This problem can be solved via the work-energy theorem. First, we'll break down the applied force into its components because the force is not being applied horizontally, but at an angle of 30 degrees below the horizontal. We can use the cosine of this angle to find the horizontal component of the force, since cos(θ) = Adjacent/Hypotenuse.
Hence, the horizontal component of the force = 40.0 N * cos(30.0 degrees) = 34.64101615137755 N.
The work done by this force component is equal to the force times the distance over which the force is applied. So we calculate the work as:
Work done = force_horizontal * distance = 34.64101615137755 N * 16.0 m = 554.2562584220408 J.
According to the work-energy theorem, the work done on the object is equal to the change in its kinetic energy. Since the object starts from rest, all of this work goes into changes in kinetic energy. Hence, the final kinetic energy of the object = work done = 554.2562584220408 J.
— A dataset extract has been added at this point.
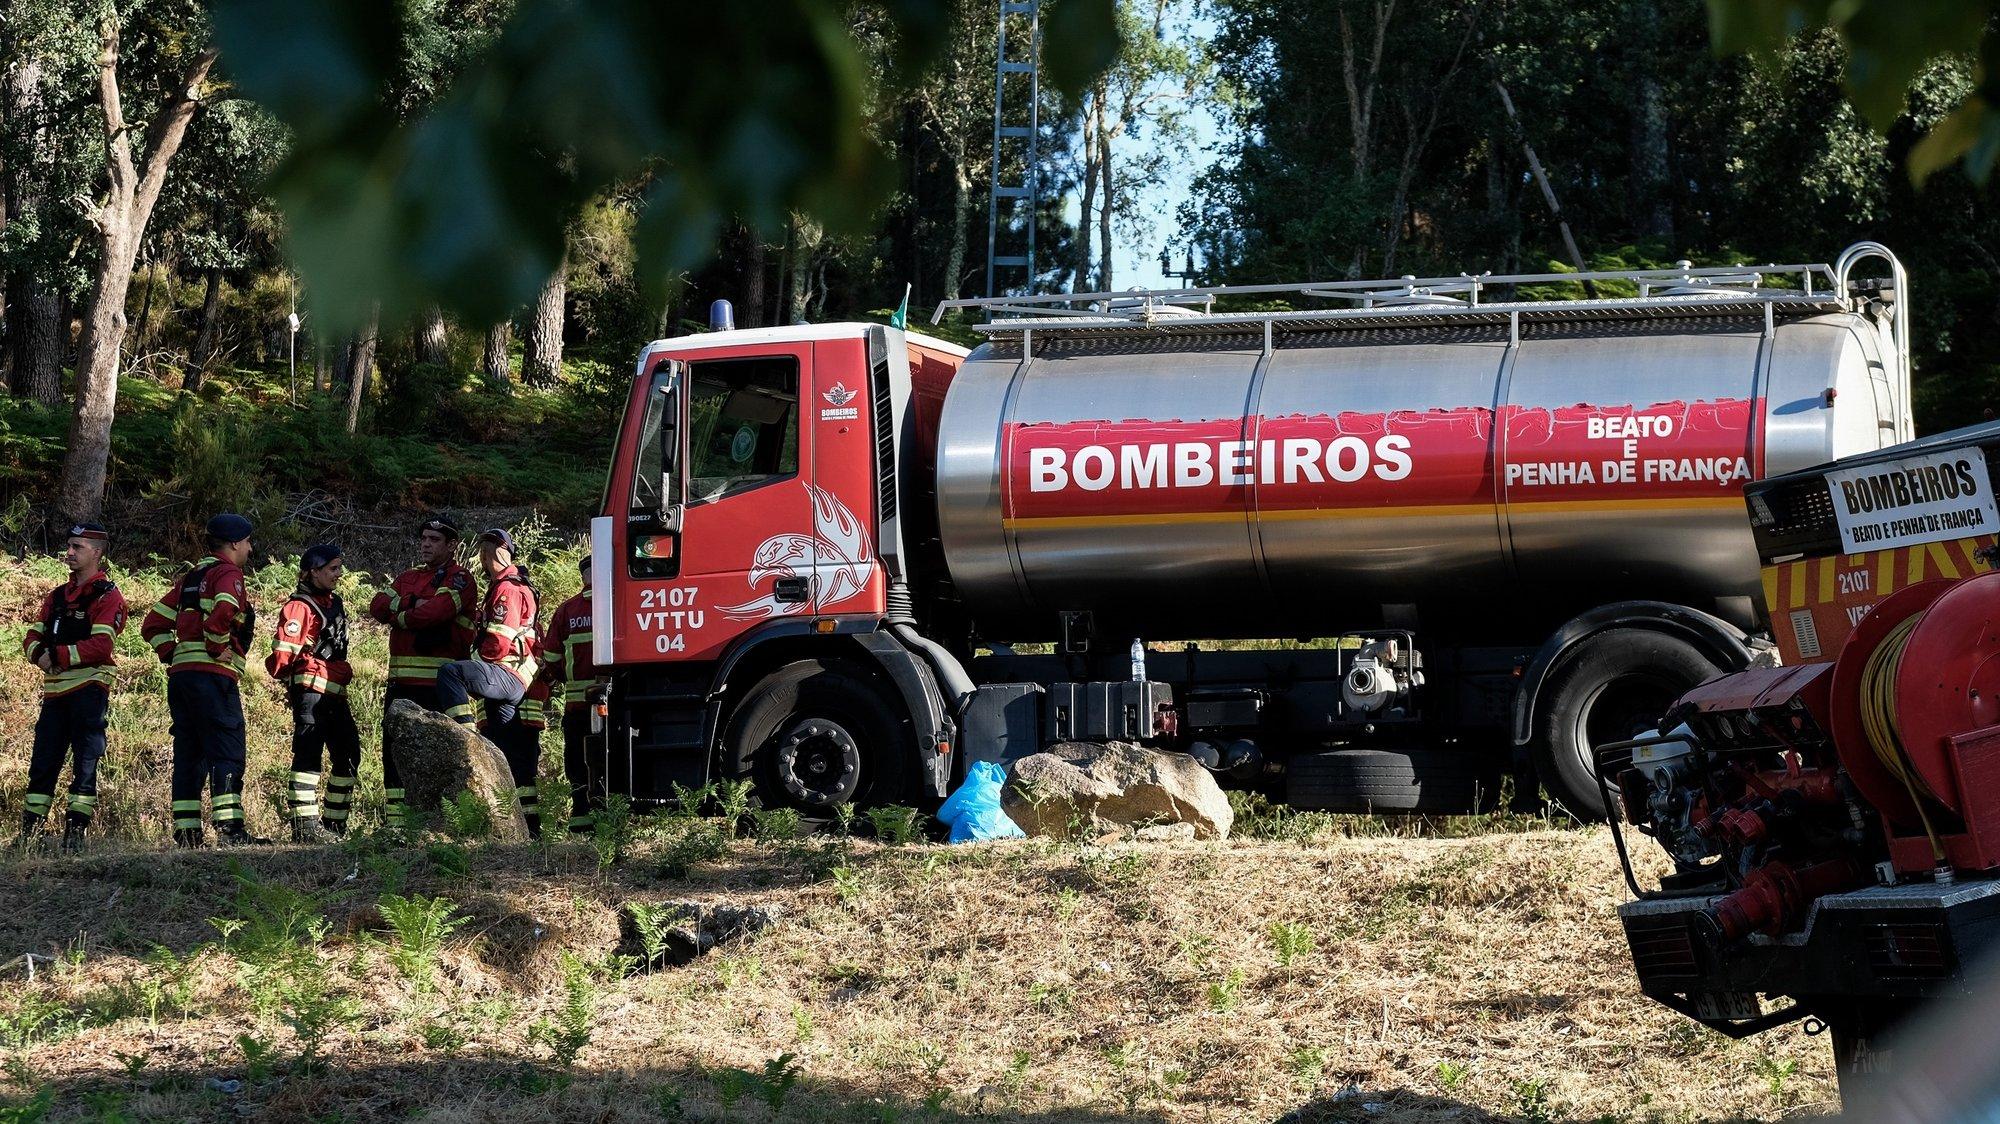 Bombeiros combatem um incêndio no Parque Nacional da Peneda-Gerês que deflagrou pelas 05:00, em Lindoso, Ponte da Barca, Viana do Castelo, 08 de agosto de 2020. Às 17:30 o incêndio estava a ser combatido por 121 operacionais, 35 viaturas e 7 meios aéreos. ARMÉNIO BELO/LUSA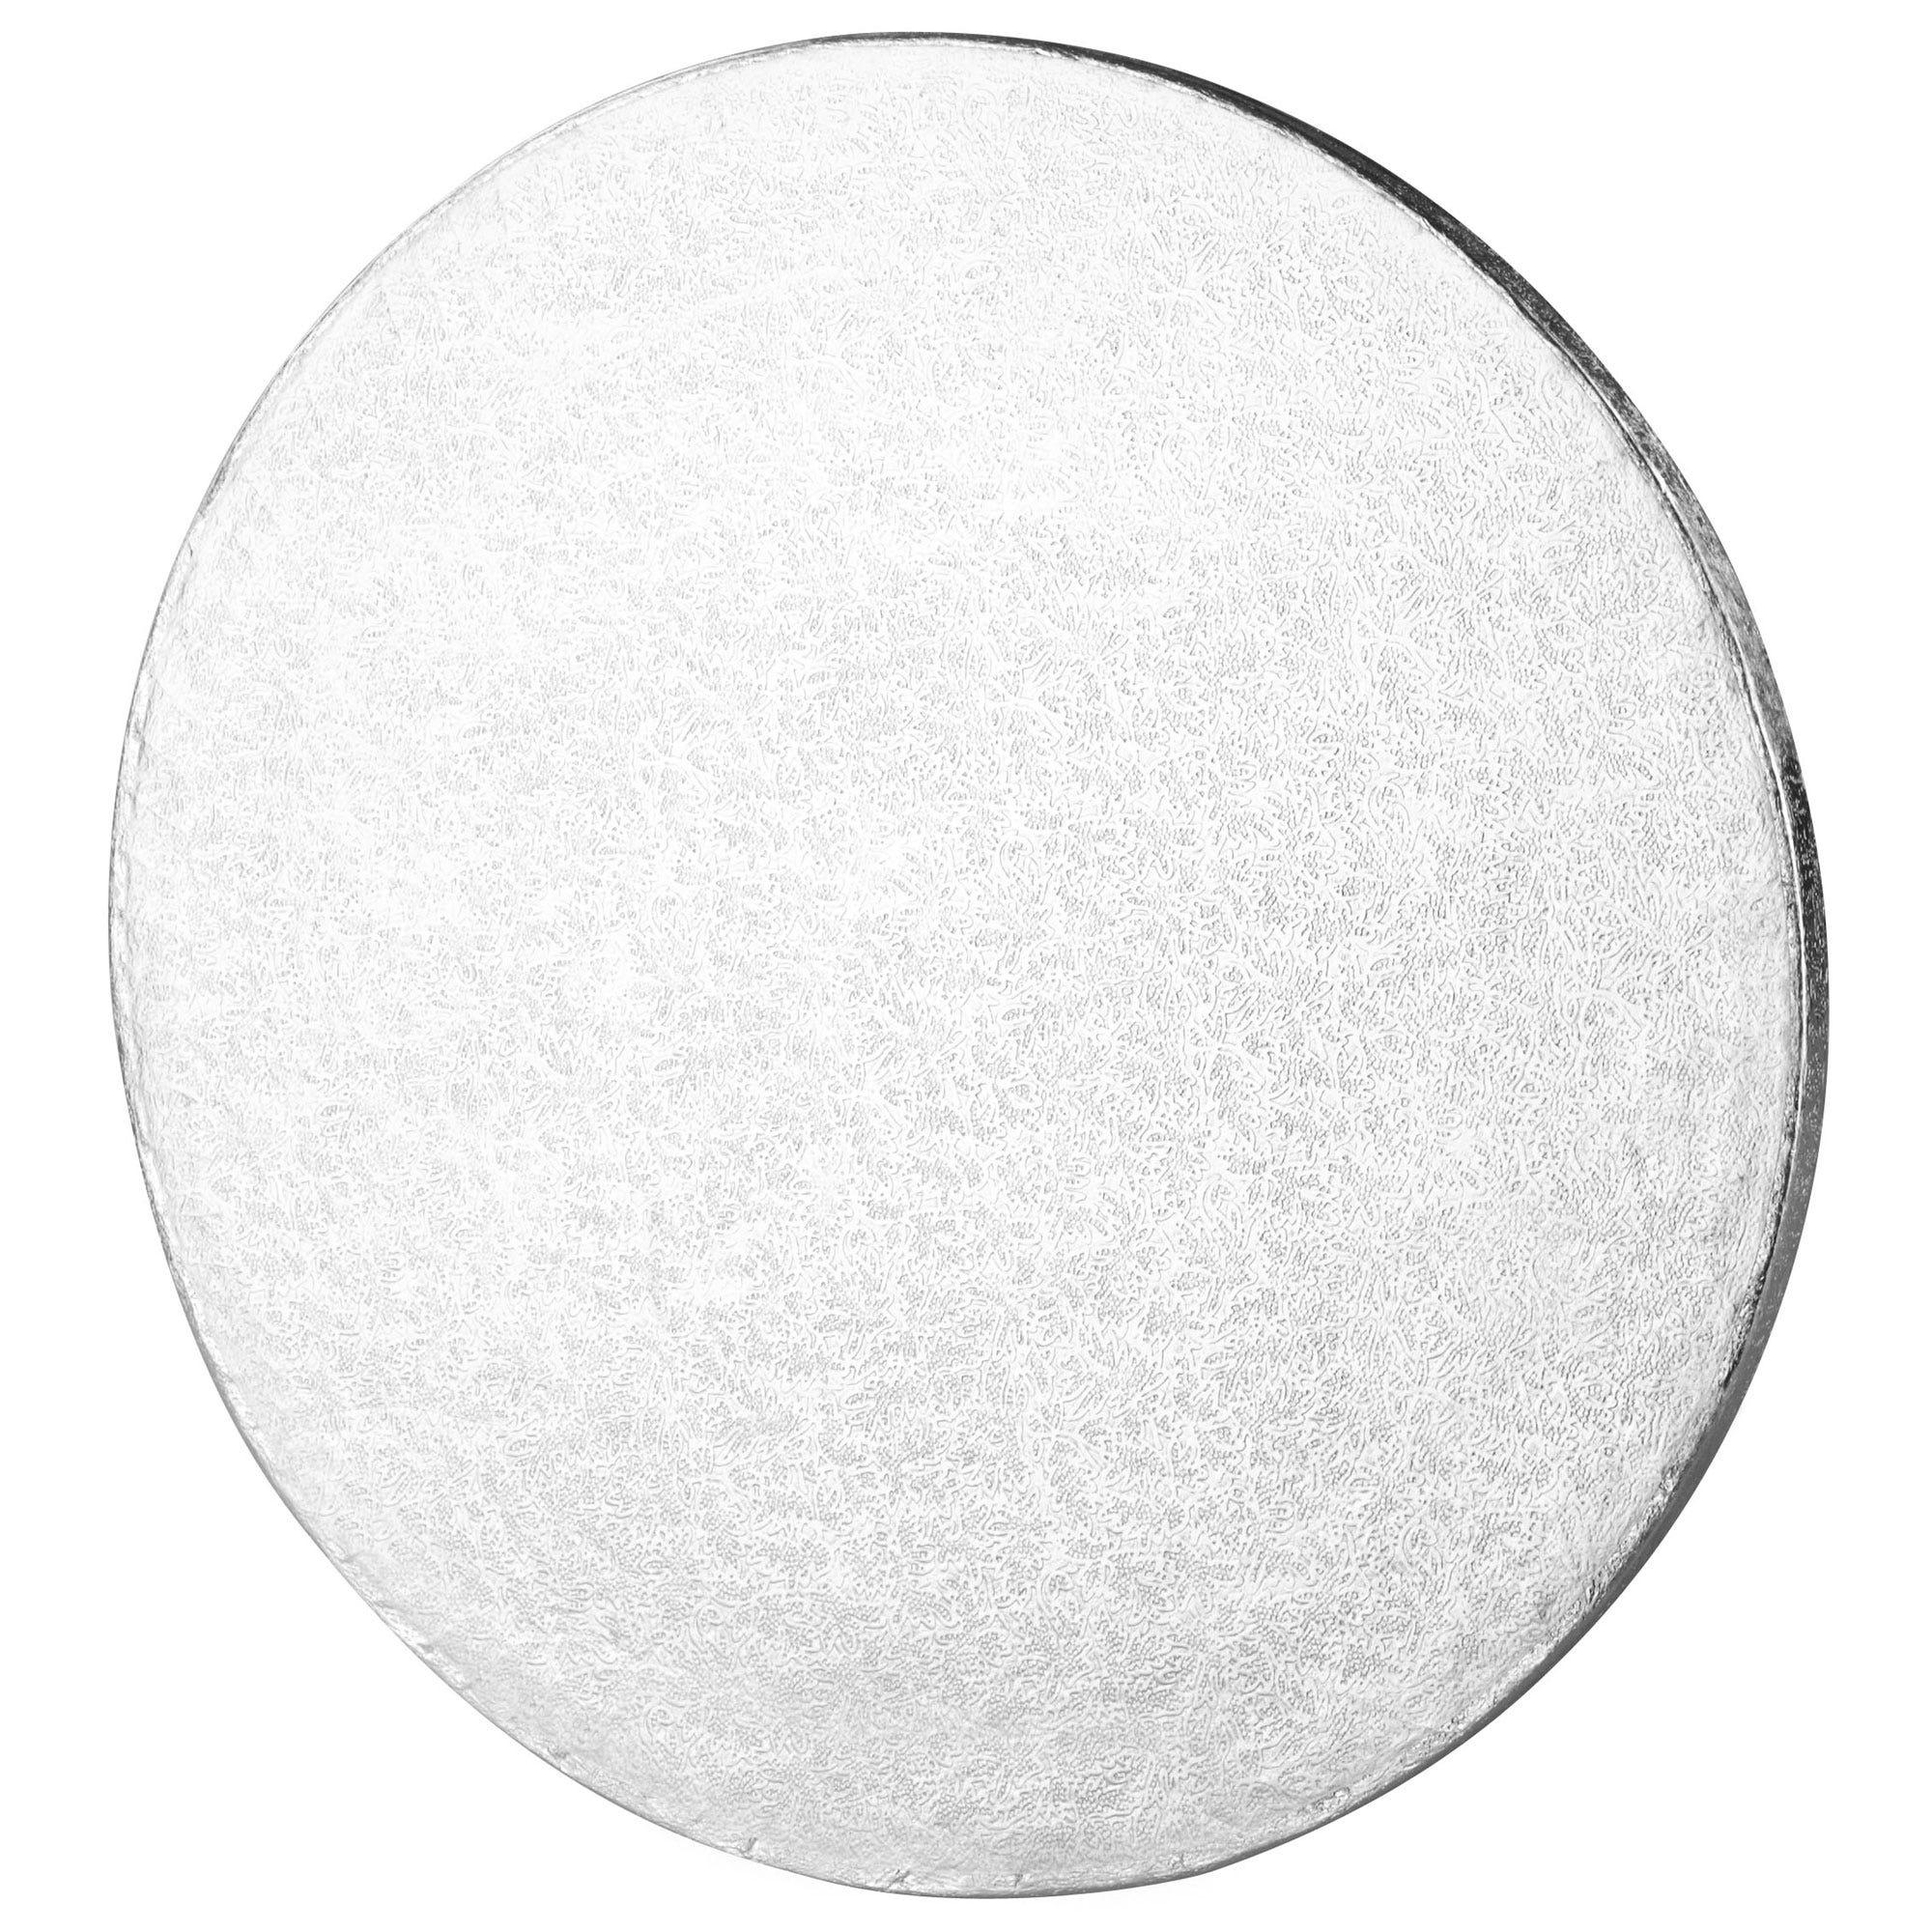 Compare prices for Tala 10 Inch Round Cake Board Silver Foil

Finally, we calculate the final speed of the object using the formula for kinetic energy 1/2 * mass * final speed^2:
Rearranging this for speed, we get final speed = sqrt(2 * final kinetic energy / mass). Substituting the known values we have, the final speed = sqrt(2 * 554.2562584220408 J / 2.0 kg) = 23.542647651061696 m/s.
So, the speed of the 2.0-kg object, which is pushed for 16.0 m by a 40.0 N force directed 30 ⋅ below the horizontal on a level, frictionless floor, will be 23.54 m/s.